On September 16, 1985, after upgrading the signal and acquiring new broadcasting equipment, KAFE-FM switched its call letters to KKSS. The format was initially described as being "a popular, contemporary music format which will be between the hard rock music of Q106-FM and the soft contemporary music of KOB-FM". The station was owned by New Mexico Broadcasting Inc. In 1986, KKSS and AM sister station KAFE were sold to SunGroup Broadcasting for $2.2 million.
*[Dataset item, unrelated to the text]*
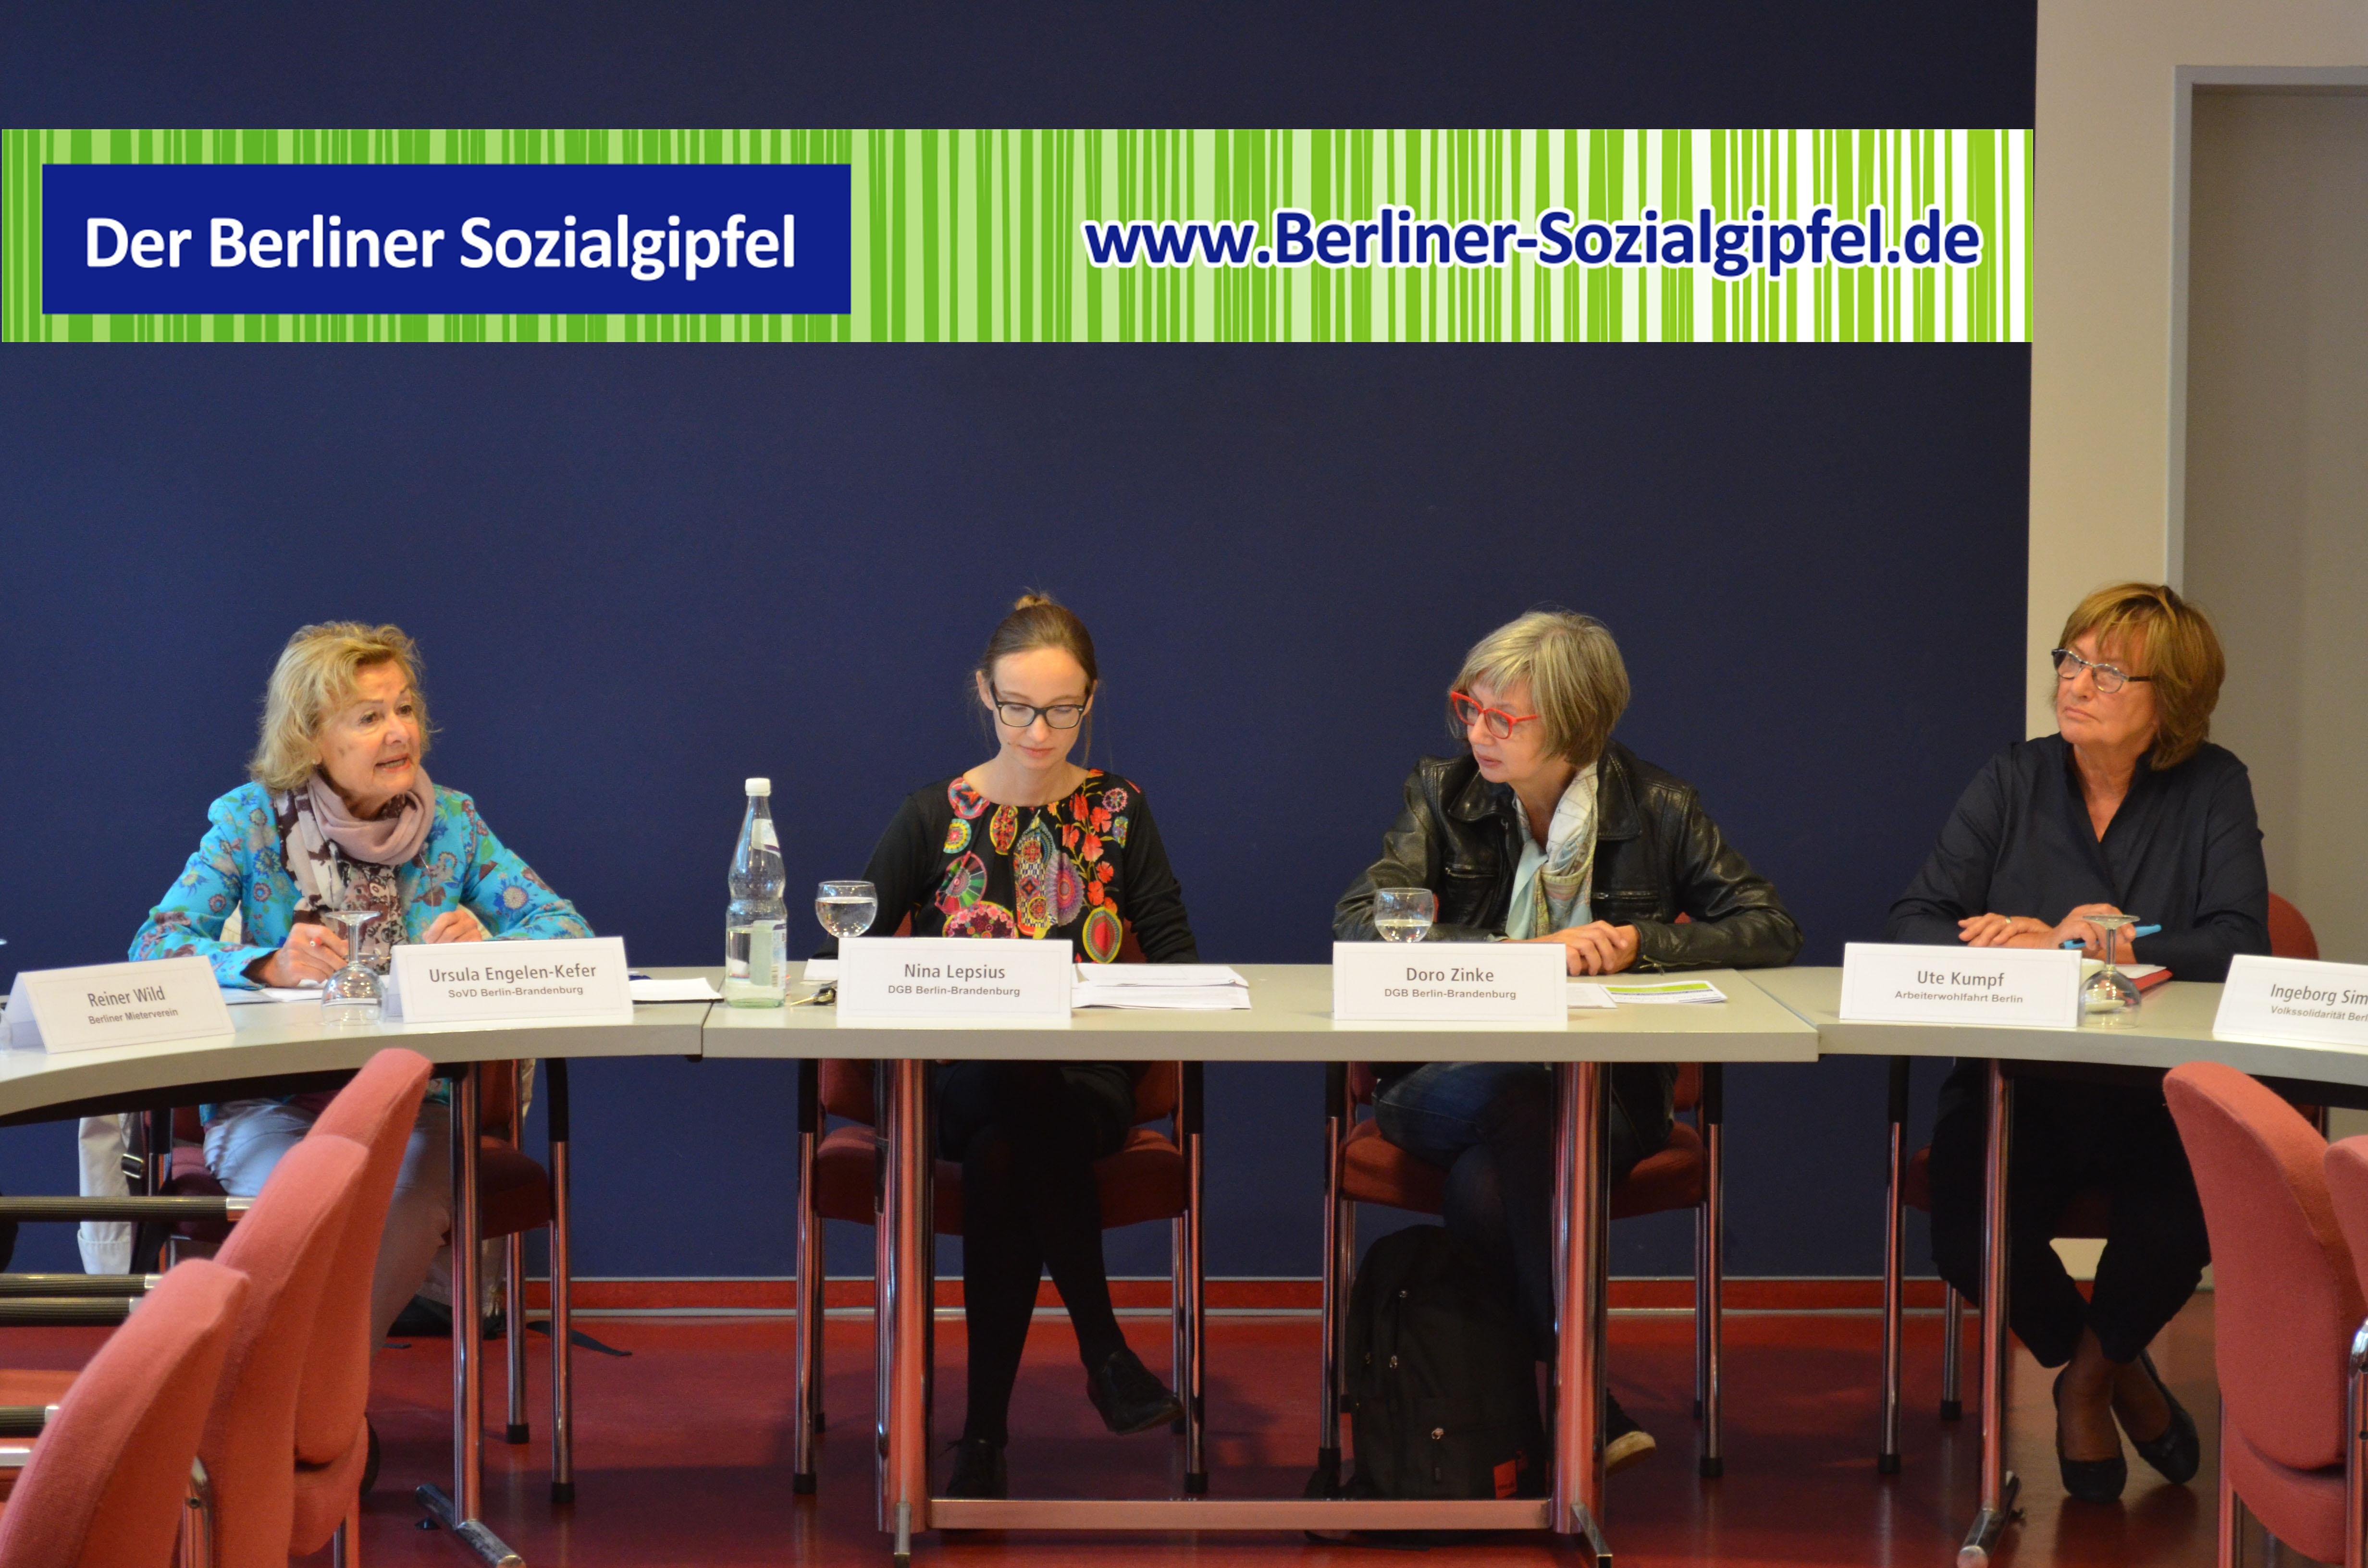 von links nach rechts: Ute Kumpf, Landesvorsitzende AWO Berlin;  Doro Zinke, DGB Vorsitzende DGB Bezirk Berlin Brandenburg; Nina Lepsius Pressesprecherin DGB Berlin, selbst

Following SunGroup's purchase of the station, the company had surveyed the market and found that there was a demand for urban music. In March 1987, the company appointed Bill Thomas as operations manager and program director. While the format had leaned toward urban music from the start, it still featured some album rock crossovers. KKSS had struggled in the ratings during its first year on air, battling two other mainstream top 40 stations in the area, while public radio station KANW was playing mostly urban music at the time. Thomas had committed to evolving the format to make it stand out from its competitors, while also making it work in the largely Hispanic market. This would be done featuring more dance music and less R&B ballads, while still bordering on CHR in some dayparts. Thomas predicted that the format "is going to continue to erode CHR as we know it, and will continue to grow". The effort would succeed as KKSS would become the leading CHR in the area by late 1987, often ranking highest among teens and young adults. By early 1990, after competing CHR KNMQ flipped to country, KKSS saw its shares more than double, ranking it at #3 overall. It also would continue to do well throughout the 1990s with the emergence of hip-hop music.

In 1998, SunGroup had planned to sell KKSS for $6 million to Trumper Communications, which owned the 94.1, 100.3, 104.1 and 107.9 signals in the market. However, Trumper later withdrew from the deal; instead, KKSS was sold to the Simmons Media Group for $5.5 million in November 1998. While it mostly had a rhythmic contemporary sound, KKSS had detoured to mainstream Top 40 a few times, mostly when new competition came to the Albuquerque market (most of them short-lived).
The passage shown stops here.